= Activity =
Starting with the line below that holds "หุ้นไทย (9 มี.ค.64)" and stopping after the line that holds "Пьяная девка в", transcribe the lines exactly, leaving out all pictures.

= Material for this exercise =
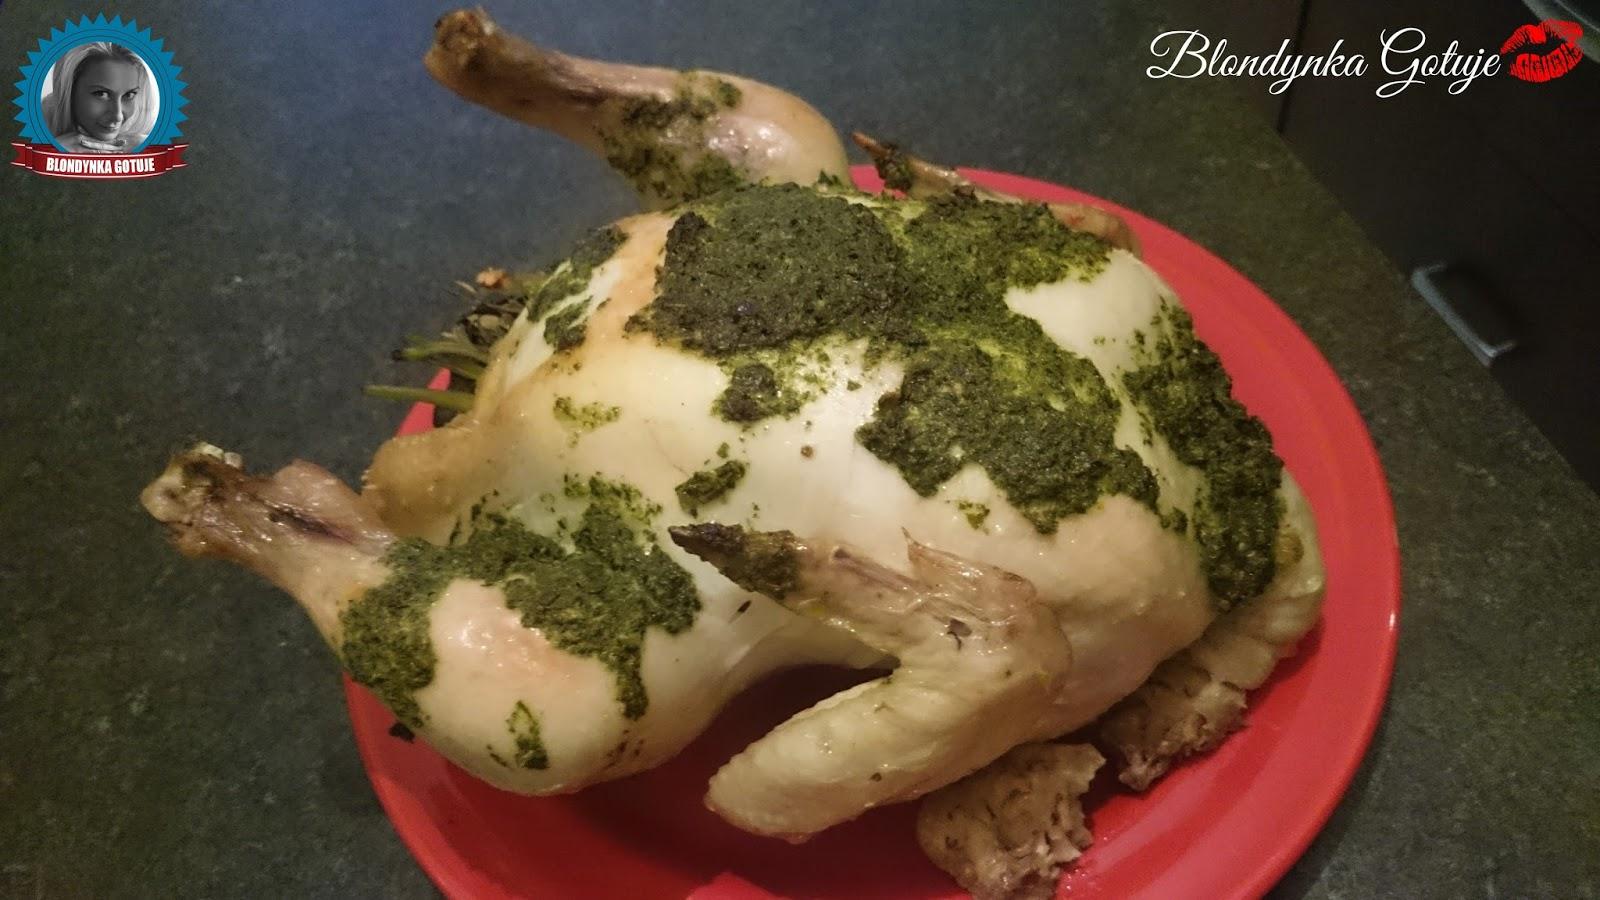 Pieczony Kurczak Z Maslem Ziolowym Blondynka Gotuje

==

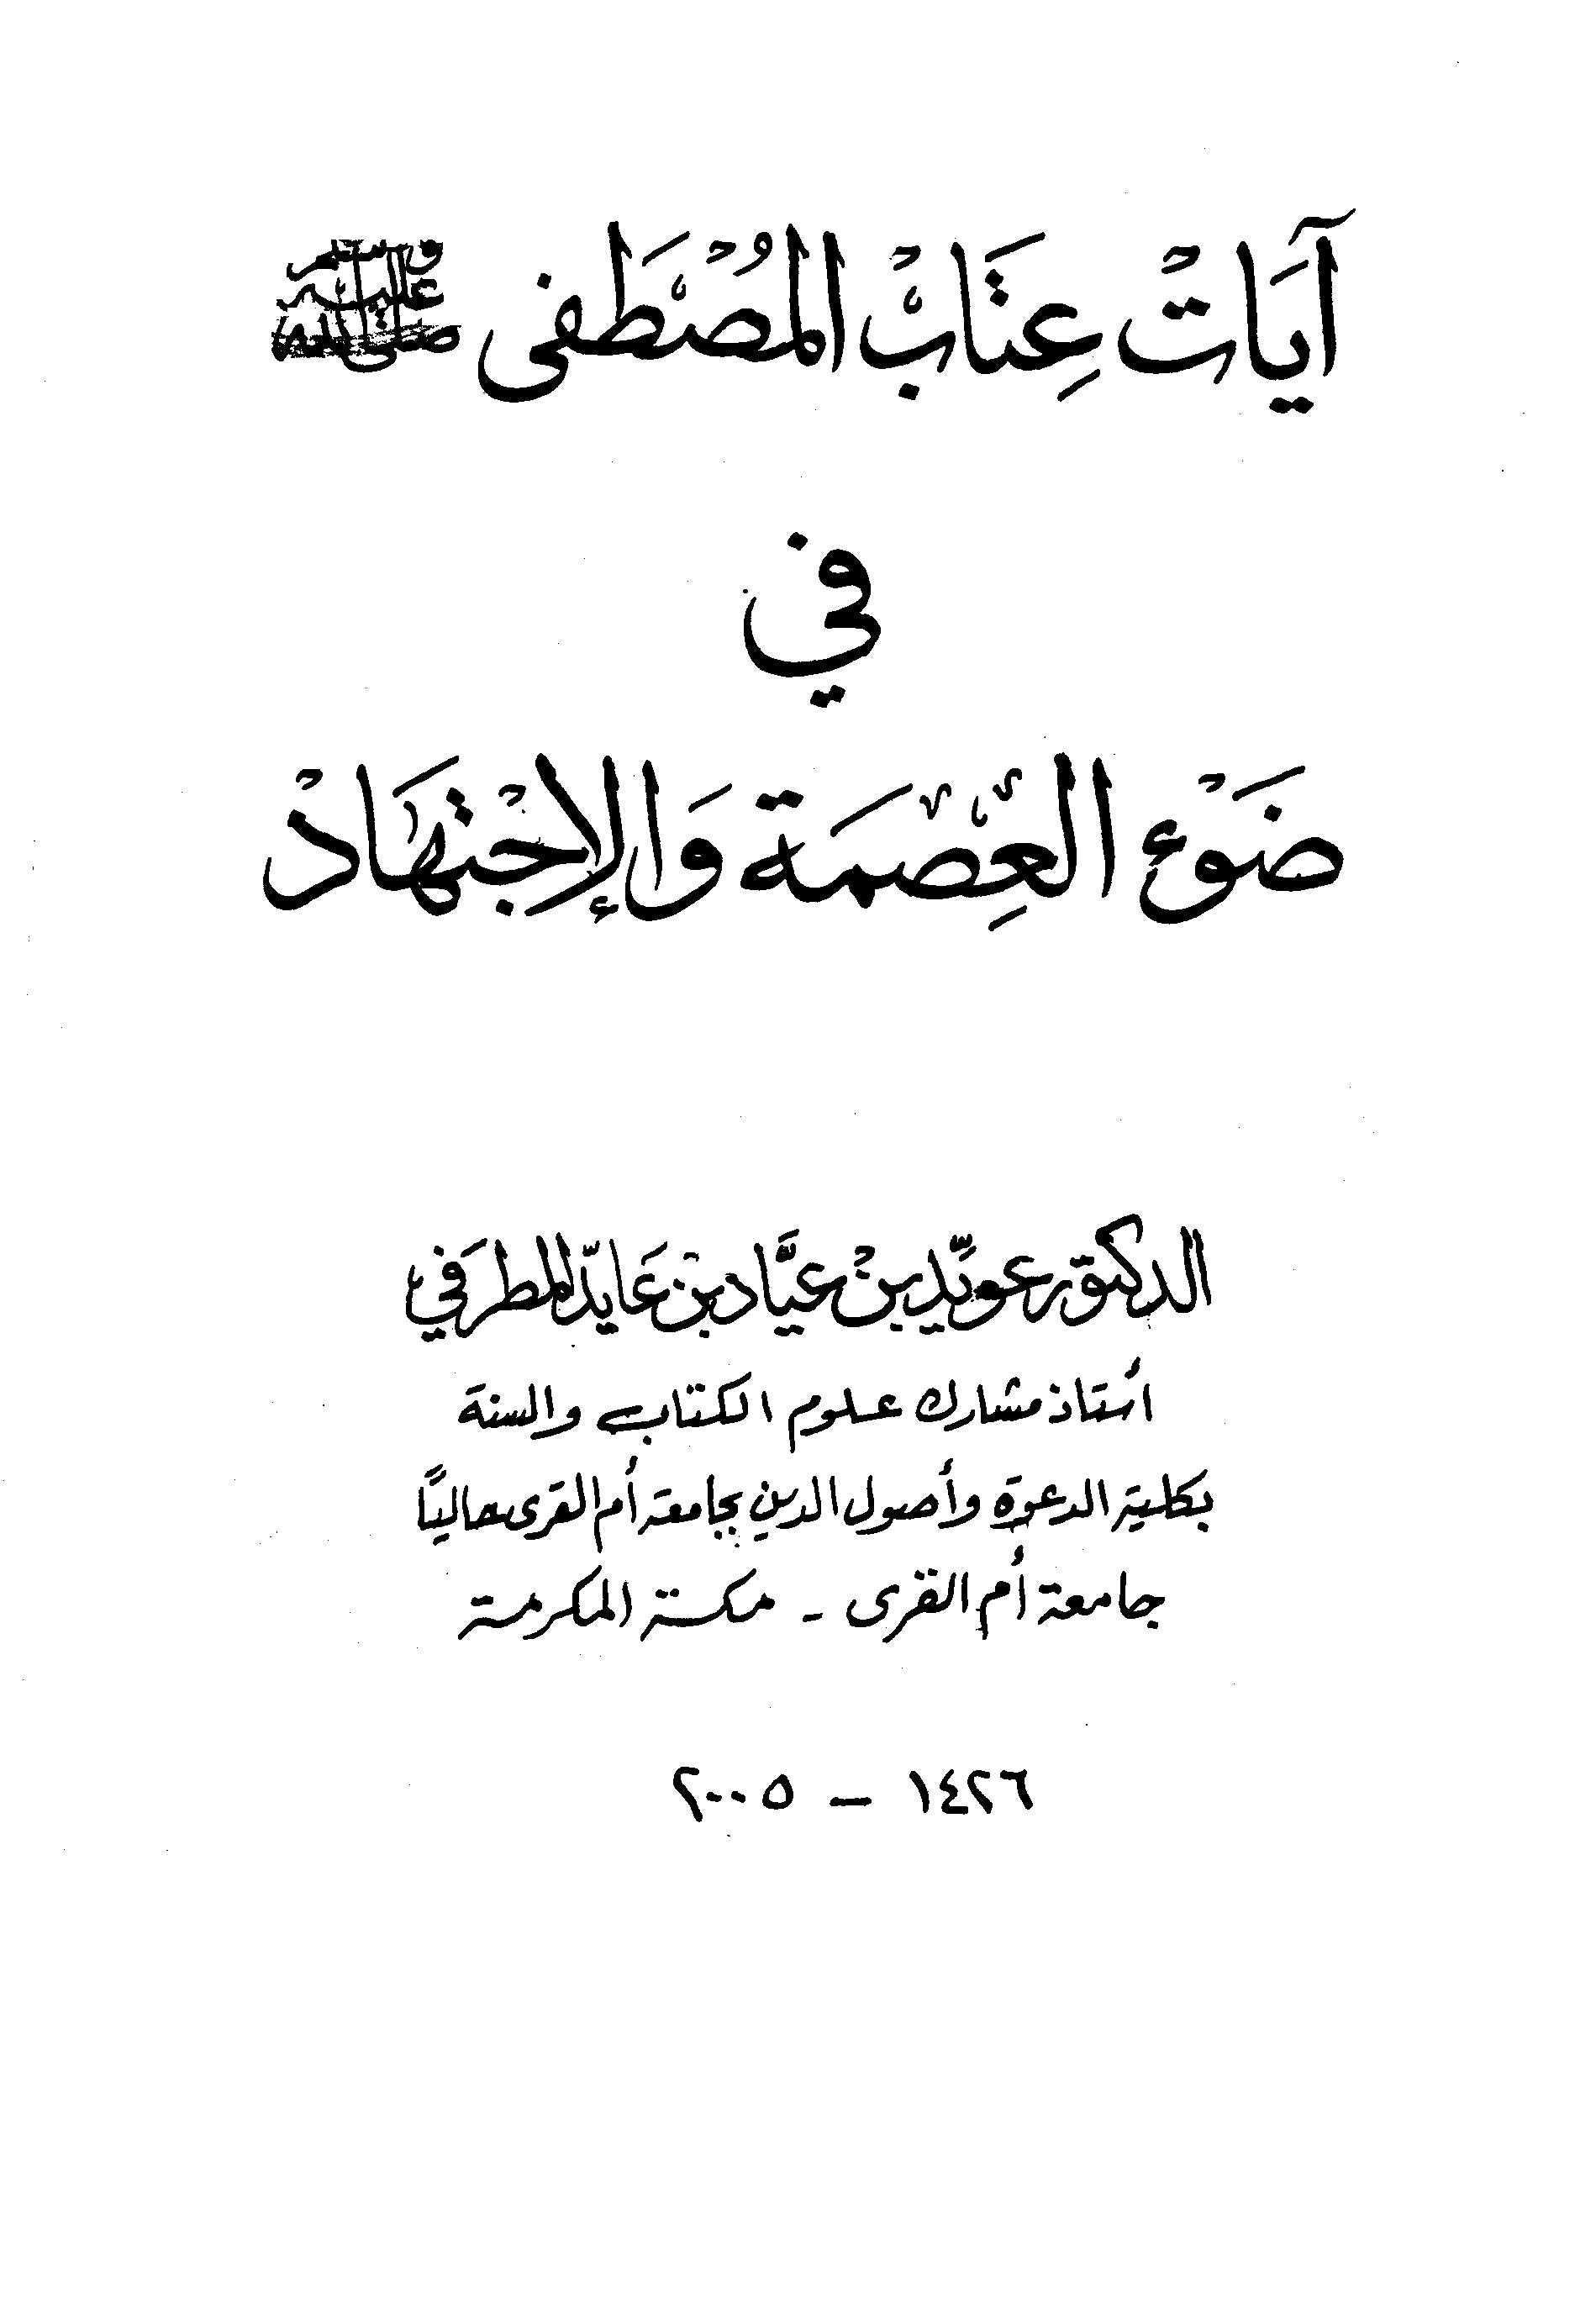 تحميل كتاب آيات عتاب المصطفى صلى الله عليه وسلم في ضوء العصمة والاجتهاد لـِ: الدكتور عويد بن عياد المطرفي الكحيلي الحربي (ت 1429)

...

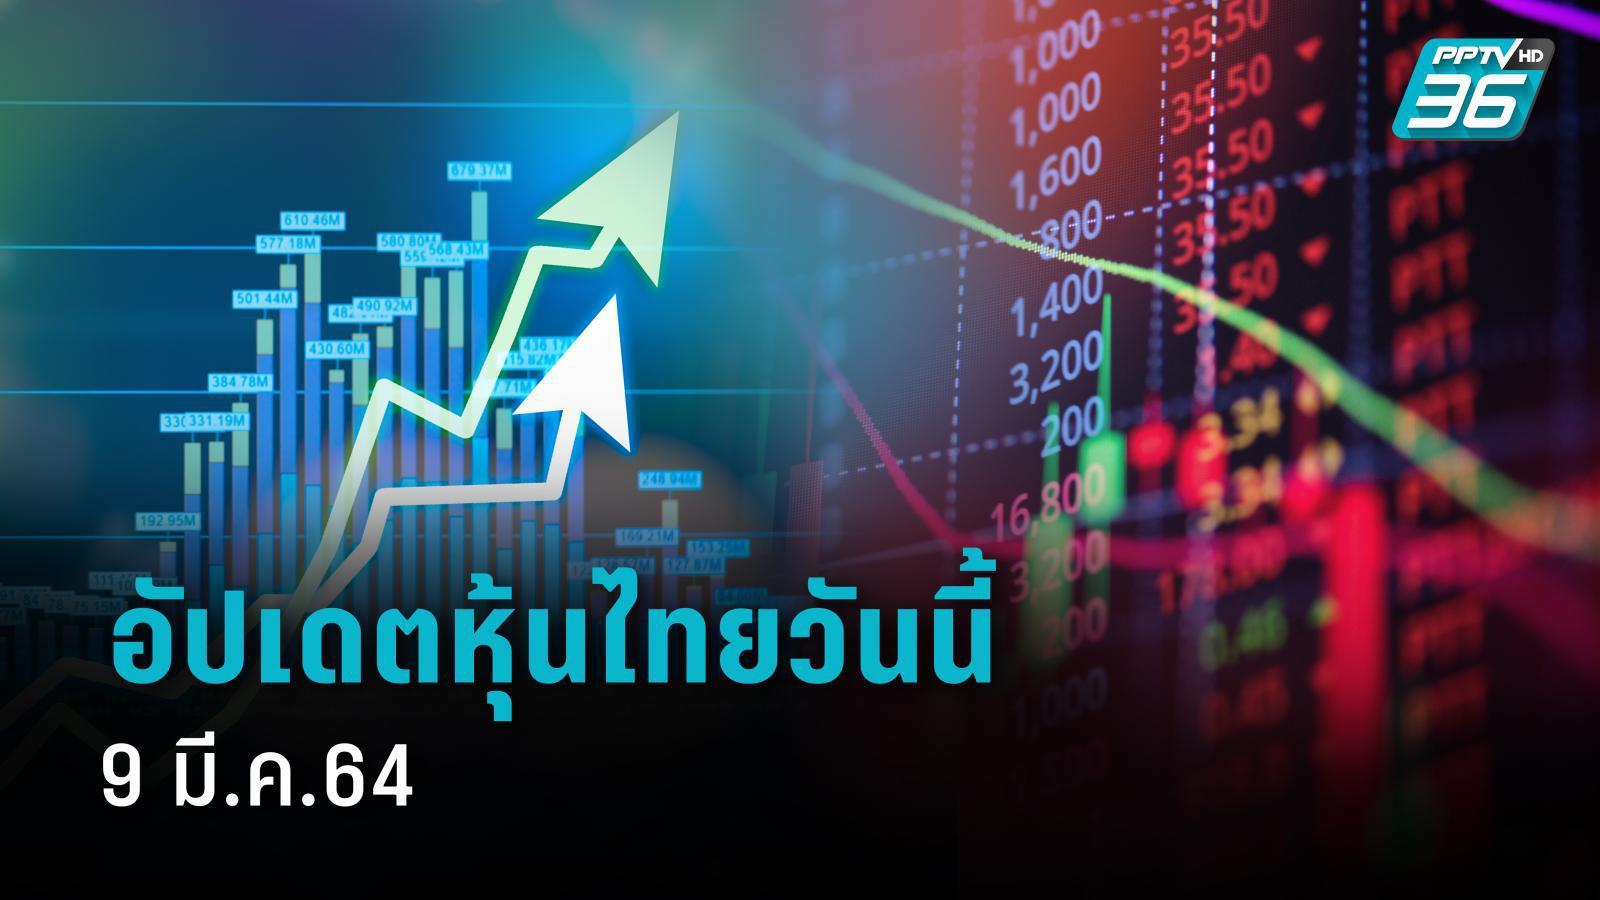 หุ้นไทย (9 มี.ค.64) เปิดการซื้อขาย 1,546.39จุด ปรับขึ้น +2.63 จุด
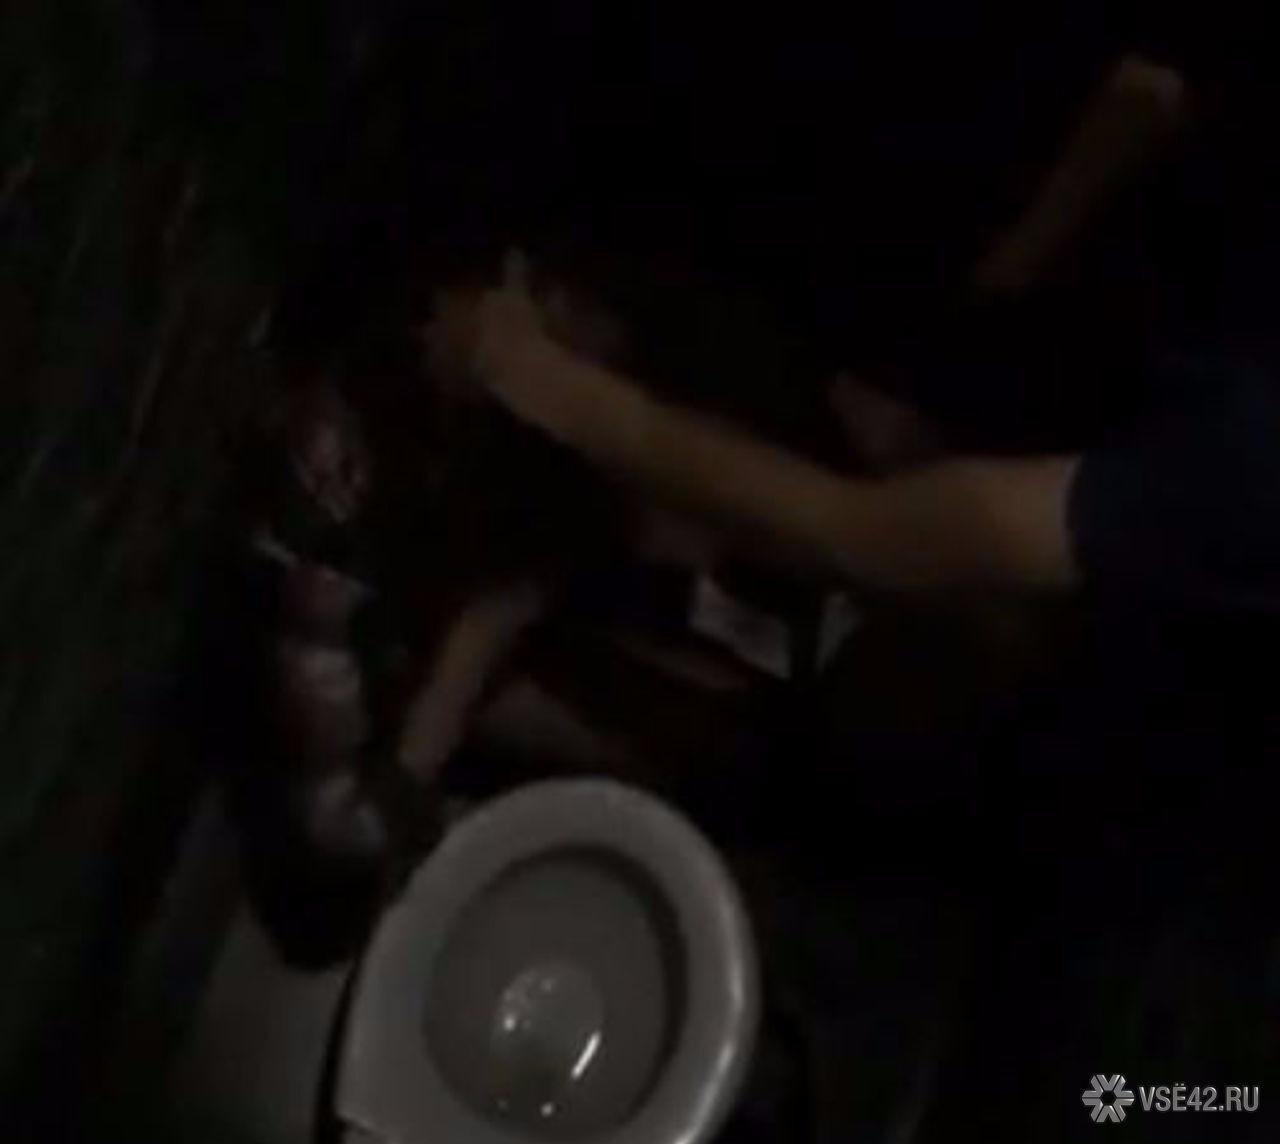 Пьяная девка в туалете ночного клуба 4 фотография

= Reply =
 หุ้นไทย (9 มี.ค.64) เปิดการซื้อขาย 1,546.39จุด ปรับขึ้น +2.63 จุด
 Пьяная девка в туалете ночного клуба 4 фотография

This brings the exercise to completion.